The Stories We Tell. And Who Gets to Tell Them.
This past week and a half, I have been sitting with an uncomfortable truth: Someone's worst day is trending, and we're all watching.
A traumatic event is unfolding less than a mile from my home. The abduction of Nancy Guthrie is still developing, and already it has become content. Headlines. Speculation. Think pieces. Social posts. Armchair analysis.
We've stopped noticing how quickly someone else’s terror becomes public property.
True crime has become a dominant cultural genre. Podcasts, documentaries, books, and TikToks promise insight, justice, or awareness. Sometimes they even deliver those things. But too often, they normalize something else entirely. The telling of deeply personal, life-altering trauma without consent.
We rarely stop to ask the most important question.
Who gets to tell this story?
And who does not get a choice?
What we are witnessing is not new. But it has become faster, louder, and more normalized.
In traditional media, trauma is framed as educational or awareness-building, even when the people most affected have no control over how their lives are portrayed. In social media, proximity increasingly substitutes for permission. A screenshot. A repost. A viral thread. A well-meaning “sharing for visibility” that strips away context, agency, and choice.
The boundaries between witnessing, sharing, and extracting have blurred.
The justification is often framed as purpose-driven. If we tell the story, maybe something will change. If we amplify it, maybe it will matter. But intention does not equal consent. And awareness does not automatically mitigate harm.
I was reminded of this sharply while reading Paper Cut, a book that confronts this dynamic head-on. Author Rachel Taff examines how women’s pain is consumed, dissected, and repackaged for public consumption. The book is not about crime in the traditional sense. It is about power. About authorship. About how easily trauma becomes a product once it is deemed interesting enough.
What struck me most was not the violence itself, but the entitlement surrounding it. The assumption that proximity grants permission. That curiosity outweighs consent. That storytelling is neutral, even when the person at the center has no voice in how they are portrayed.
This is the part we rarely interrogate.
We ask whether a story is compelling.
We ask whether it will drive engagement.
We ask whether it will spark conversation.
We do not ask whether the person at the center would choose to tell it this way, or at all.
Over time, this becomes cultural conditioning. Trauma becomes entertainment. Grief becomes content. Pain becomes proof of resilience without any reckoning with the cost of being repeatedly exposed, reinterpreted, or publicly owned.
And because culture shapes systems, these norms do not stay confined to media or social platforms.
They follow us into institutions.
Organizations absorb these patterns quietly. Stories of burnout, breakdowns, conflict, and crisis are often retold without the involvement of the person who lived them. Experiences become sanitized narratives. Human moments become lessons learned, case studies, or leadership anecdotes. A manager frames a team member's breakdown as a leadership lesson in an all-hands. An exit interview becomes a LinkedIn post about 'navigating tough conversations.' A personal crisis becomes an anonymous case study—recognizable to everyone who was there.

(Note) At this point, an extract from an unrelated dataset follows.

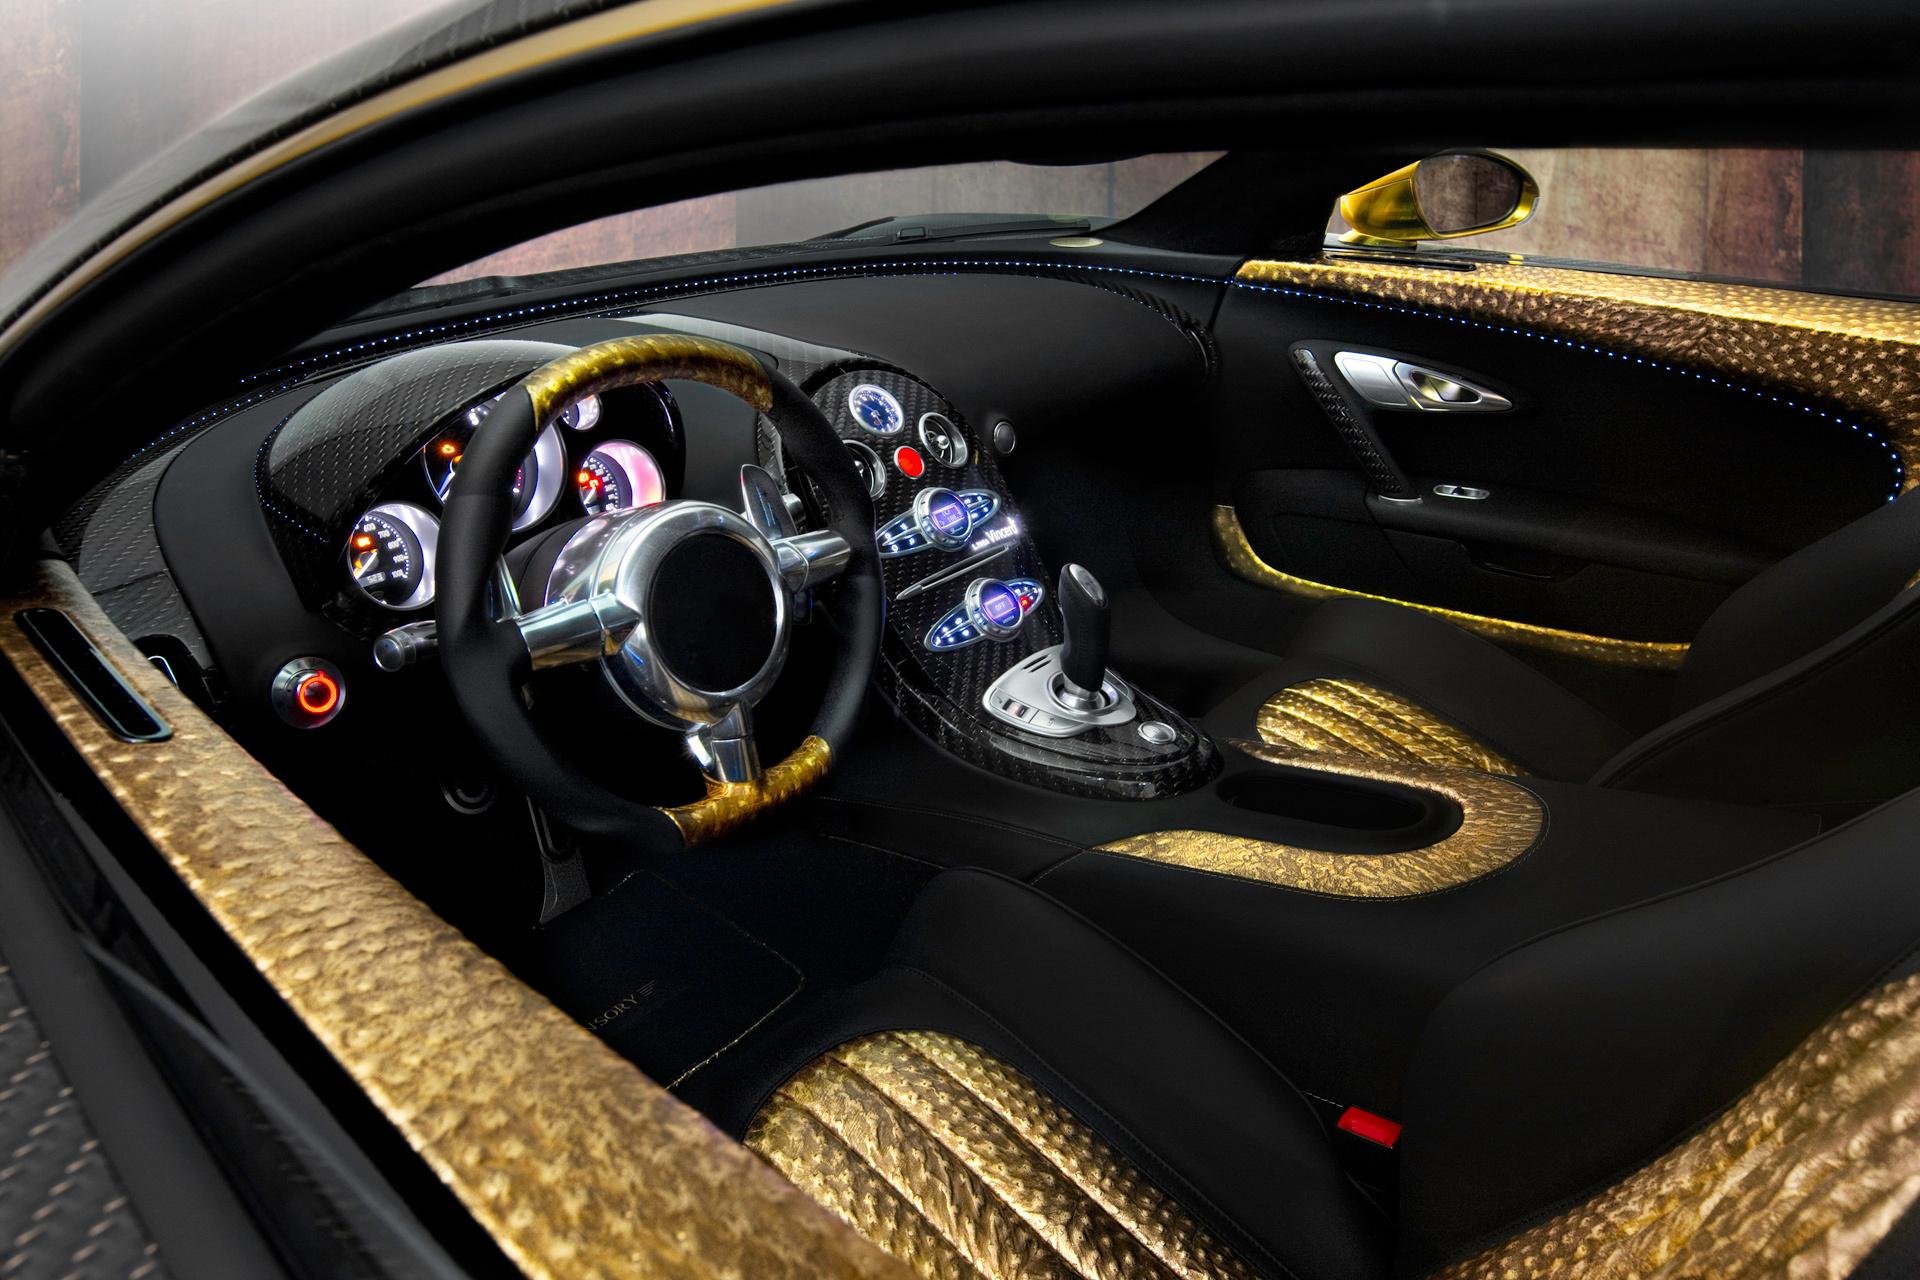 картинки дорогих машины и салонов чаще всего

Rarely is consent discussed.
Rarely is authorship preserved.
Rarely is the emotional aftershock considered.
When people lose control over how their experiences are shared, trust erodes. When trauma is repackaged as insight without care, psychological safety becomes performative. When resilience is framed as something proven through exposure rather than protected through agency, people learn to stay quiet.
Resilience does not come from visibility alone.
It comes from choice.
From dignity.
From the ability to say, “This is my story, and I get to decide how it is told.”
That principle applies everywhere. In journalism. In social media. In leadership. In organizational culture.
The question is not whether hard stories should be told.
The question is whether we are willing to slow down long enough to tell them responsibly.
Before we hit publish, post, share, or present, ask:
Is this story ours to share?
Who benefits from it being told this way?
Who carries the emotional cost?
What would consent look like here?
If we want workplaces, communities, and systems that are genuinely resilient, this has to be part of the conversation. Not just amplifying stories, but protecting the people inside them.
That distinction matters. And it is long overdue.